Lincoln’s statue is sculpted from Georgia marble and his likeness is, appropriately, larger than life (by three times). He gazes out across the reflecting pool toward the Washington Monument…but when you stand there, it feels as if he is looking right into your eyes, into your soul. His gaze seems at once benevolent and challenging.
“It is the quality of revolutions not to go by old lines or old laws; but to break up both, and make new ones.” Abraham Lincoln
Mr Lincoln was far from perfect (and a bit of a tyrant, in some ways), but he believed that the country belonged to the people. It is fitting that this spectacular memorial to one of our greatest Presidents has also been the site of many demonstrations and protests. Probably the most notable was in 1963, when hundreds of thousands of African Americans and their allies gathered peacefully in support of civil rights. On the stairs below Mr Lincoln, Dr Martin Luther King gave his “I Have a Dream” speech…his voice booming out over a crowd that stretched from Lincoln to the Washington Monument.
The morning after our failed attempt to visit Mr Lincoln, Paula sent me a news article. Apparently, when we were trying to find Lincoln, he had already been found by the infamous Richard Spencer and a group of alt-right, white nationalist, right-wing activists. Around 300 of Spencer's followers demonstrated without incident earlier in the day, but it would have dampened my spirits to run into any stragglers. In my opinion, they are almost the polar opposite of men like Dr King and Mr Lincoln.

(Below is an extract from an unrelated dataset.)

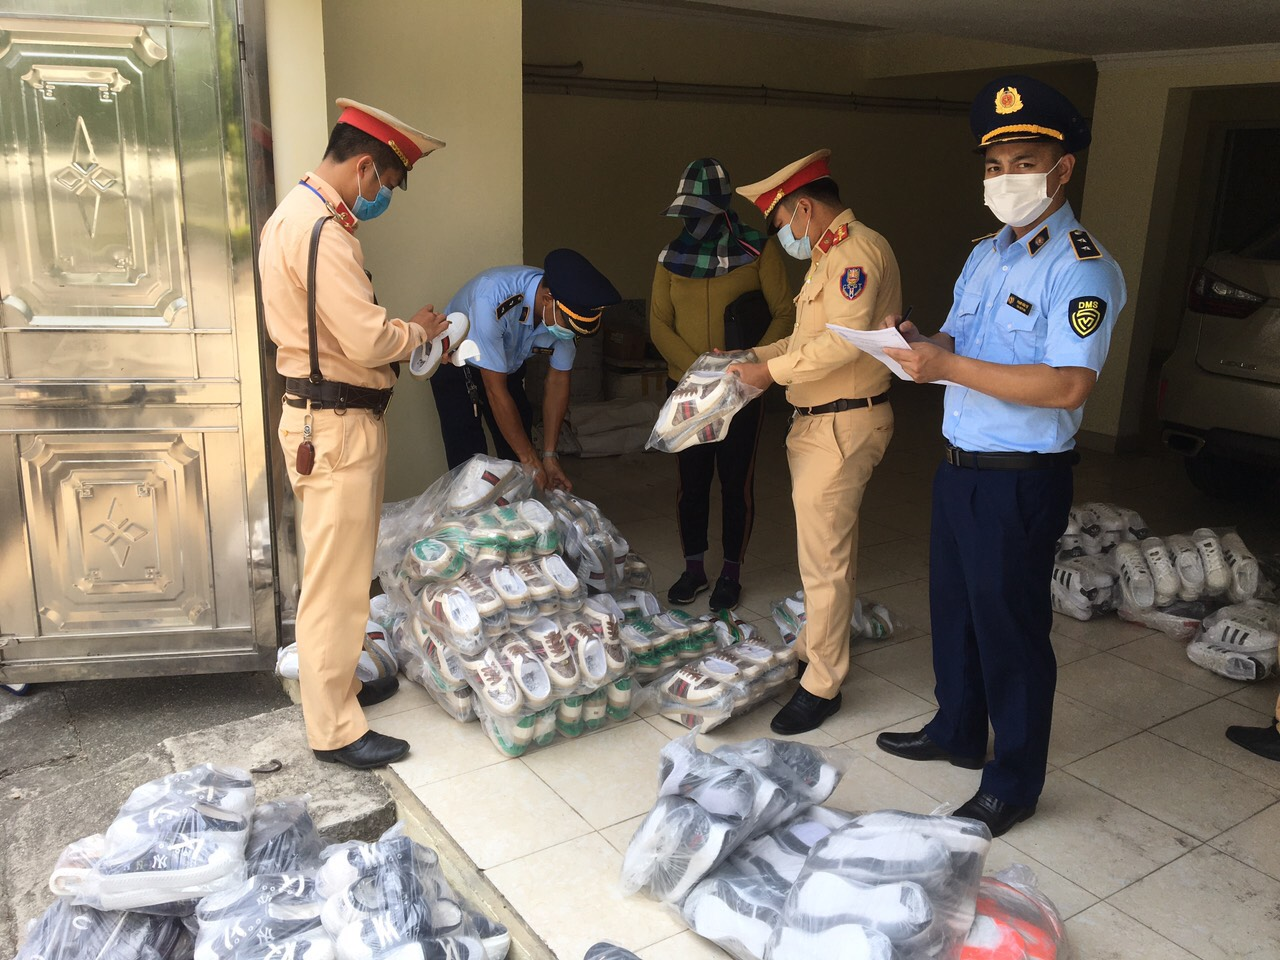 Quảng Ninh: Phát hiện hàng trăm sản phẩm giày dép giả mạo nhãn hiệu

Here’s the thing, though: while I do not agree with Spencer’s views on ANY level, I support their right to PEACEFULLY demonstrate…even on those iconic steps under the kind gaze of Mr Lincoln. I may be grateful that I didn’t see that group of angry white guys, but they have as much right to be there as Dr King did and as I do. I am horrified by what they say, but I believe in their constitutional right to say it as long as it does not turn to violence. If I don’t want to hear it, all I have to do is walk away.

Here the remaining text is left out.